Universität Zürich will den Datenschutz verbessern

Die Universität Zürich will einen Datenschutzdelegierten einsetzen, der künftig für den gesetzes- und reglementskonformen Umgang mit personenbezogenen Daten sorgen soll. Zudem wird sie Richtlinien für den Umgang mit personenbezogenen und anderen Daten erlassen. Die UZH bedauert, dass sie die Verhältnismässigkeit der Herausgabe von Telefon- und E-Mail-Verkehrsdaten anlässlich eines Strafverfahrens wegen Amtsgeheimnisverletzung nicht sorgfältiger geprüft hat. Sie entschuldigt sich dafür bei ihren Studierenden, Mitarbeitenden und den Betroffenen externer Institutionen.

Die Universität Zürich hat den heute vorgestellten Bericht des kantonalen Datenschutzbeauftragten über die Datenbekanntgabe an die Staatsanwaltschaft des Kantons Zürich zur Kenntnis genommen. Nach dessen Einschätzung verstiessen die Bearbeitung von Telefon- und E-Mail-Verkehrsdaten, die Herausgabe dieser Verkehrsdaten, die Herausgabe von Inhalten von E-Mails sowie der Datenbank «Akademische Berichte» samt deren Zugriffslogs gegen das Informations- und Datenschutzgesetz (IDG). Die Universität Zürich hatte diese Daten im Rahmen des Strafverfahrens wegen Amtsgeheimnisverletzung auf Ersuchen der Staatsanwaltschaft des Kantons Zürich in den Jahren 2012 und 2013 geliefert. Die UZH hatte dabei die gesetzliche Mitwirkungspflicht bei der Strafverfolgung höher gewichtet als die Bestimmungen des Informations- und Datenschutzgesetzes. Im Gegensatz zum Datenschutzdelegierten kommt auch das ebenfalls heute veröffentlichte Rechtsgutachten, das der Universitätsrat in Auftrag gegeben hatte, zum Schluss, dass die Aufforderung der Staatsanwaltschaft für die UZH verbindlich war und stützt damit die Universität. Ob die Bearbeitung und Herausgabe dieser Daten deshalb tatsächlich rechtswidrig waren, wird das Bezirksgericht im Laufe des Strafverfahrens klären müssen.
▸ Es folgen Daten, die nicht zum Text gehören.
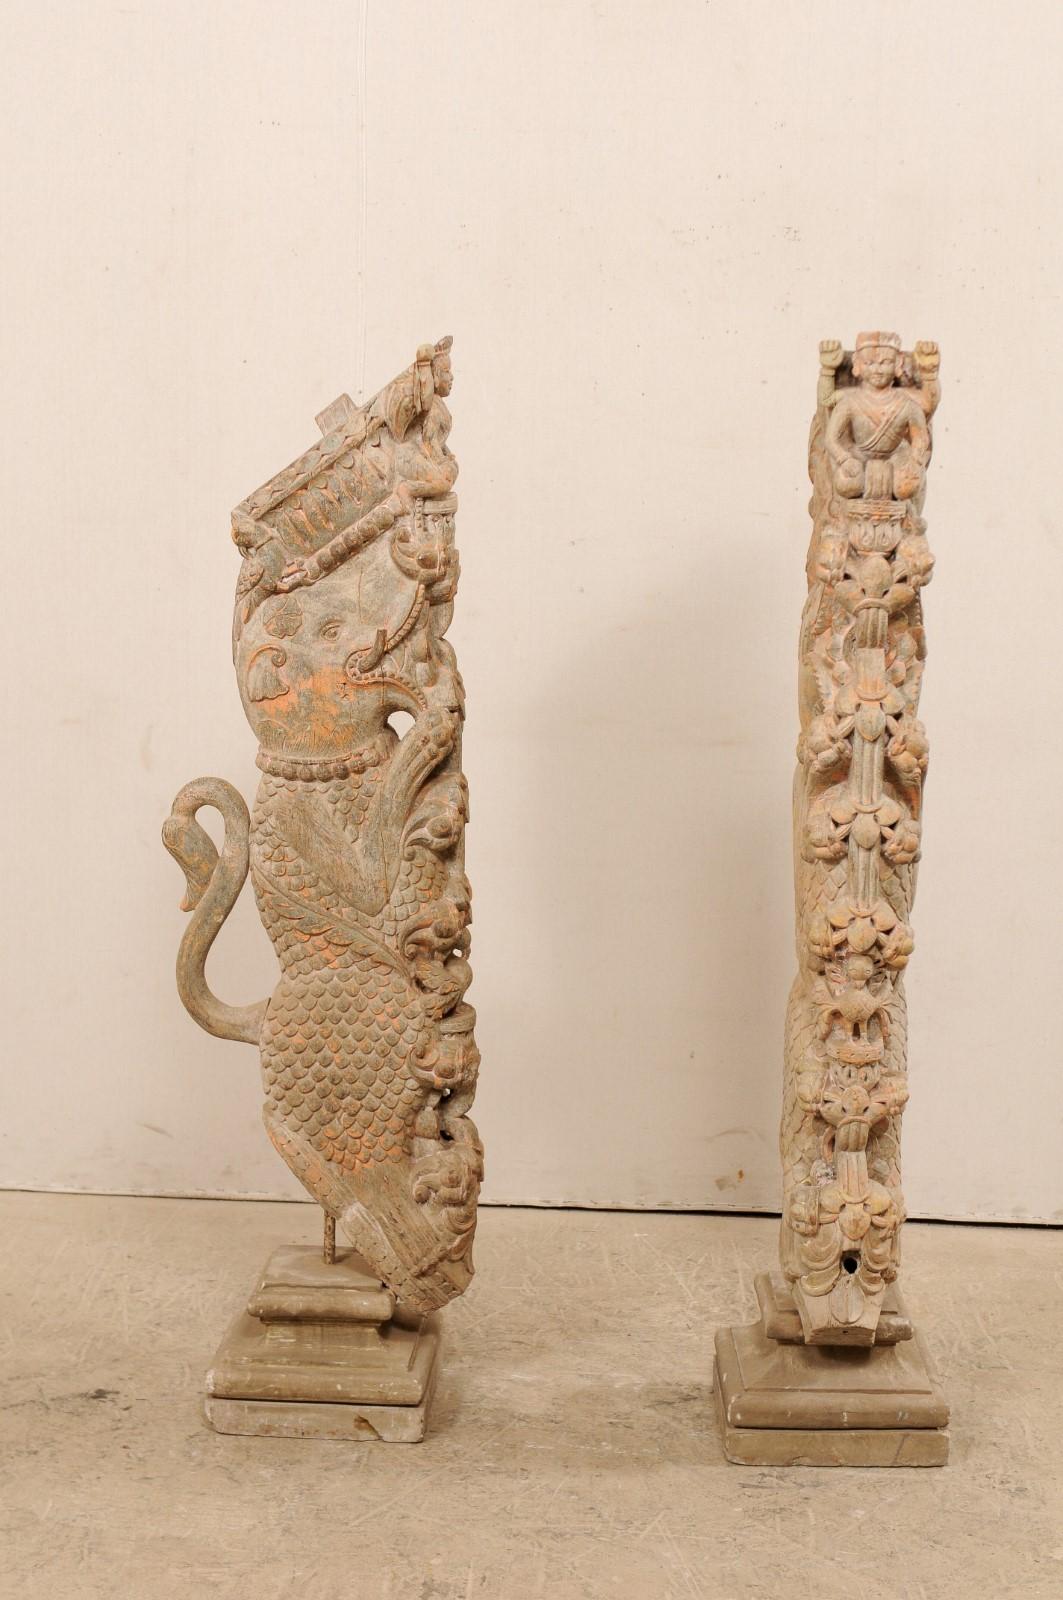 An exquisite pair of hand carved Hindu wooden temple struts, mounted on stone bases, from the 19th century. This pair of antique temple struts from S. India are magnificently carved with depiction of a scaled elephant kneeling serenely on a tower of
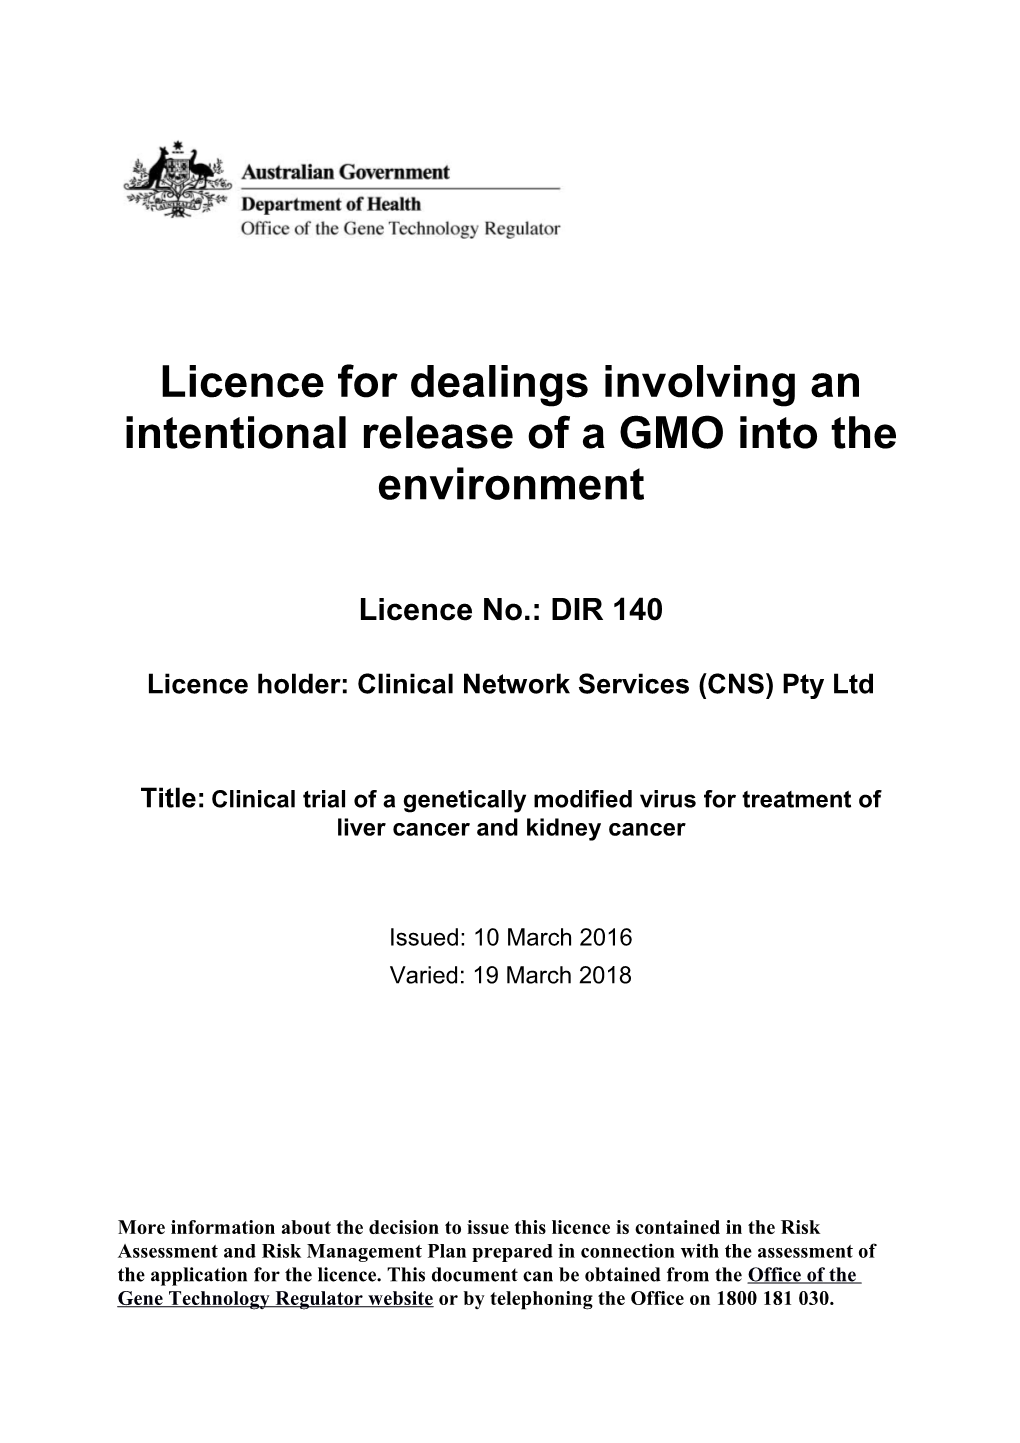 DIR 140 - Licence Conditions

Für die Universitätsleitung steht aber ausser Zweifel fest, dass die Universität sensibler mit Personendaten hätte umgehen und die Verhältnismässigkeit der Datenherausgabe sorgfältiger hätte prüfen müssen. Für diese Fehleinschätzung entschuldigt sie sich in aller Form bei ihren Studierenden, den Mitarbeitenden und den betroffenen externen Stellen und assoziierten Instituten.

Damit sich ein solcher Vorgang nicht wiederholt, hat die Universitätsleitung sofort nachdem die Herausgabe der Daten im November 2013 bekannt wurde, reagiert und eine Arbeitsgruppe Datenschutz eingesetzt. Diese Arbeitsgruppe hat als Sofortmassnahme provisorische Richtlinien für den Umgang mit Daten an der UZH ausgearbeitet, die umgehend in Kraft gesetzt wurden. Inzwischen hat die Arbeitsgruppe umfassende Richtlinien vorgelegt, die universitätsintern bis Ende November in eine Vernehmlassung geschickt werden. Zentraler Punkt der Richtlinien ist die Schaffung einer Stelle eines oder einer Datenschutzdelegierten. Dieser oder diese soll für einen gesetzes- und regelkonformen Umgang mit Personendaten an der UZH sorgen. Die Universitätsleitung hat am 2. Juli 2014 entschieden, dass die Stelle so schnell als möglich ausgeschrieben wird. Zudem wird untersucht, ob zusätzliche Rechtsgrundlagen für nicht personenbezogene Daten, den Einsatz von Informatikmitteln und die Geheimhaltung erarbeitet werden müssen.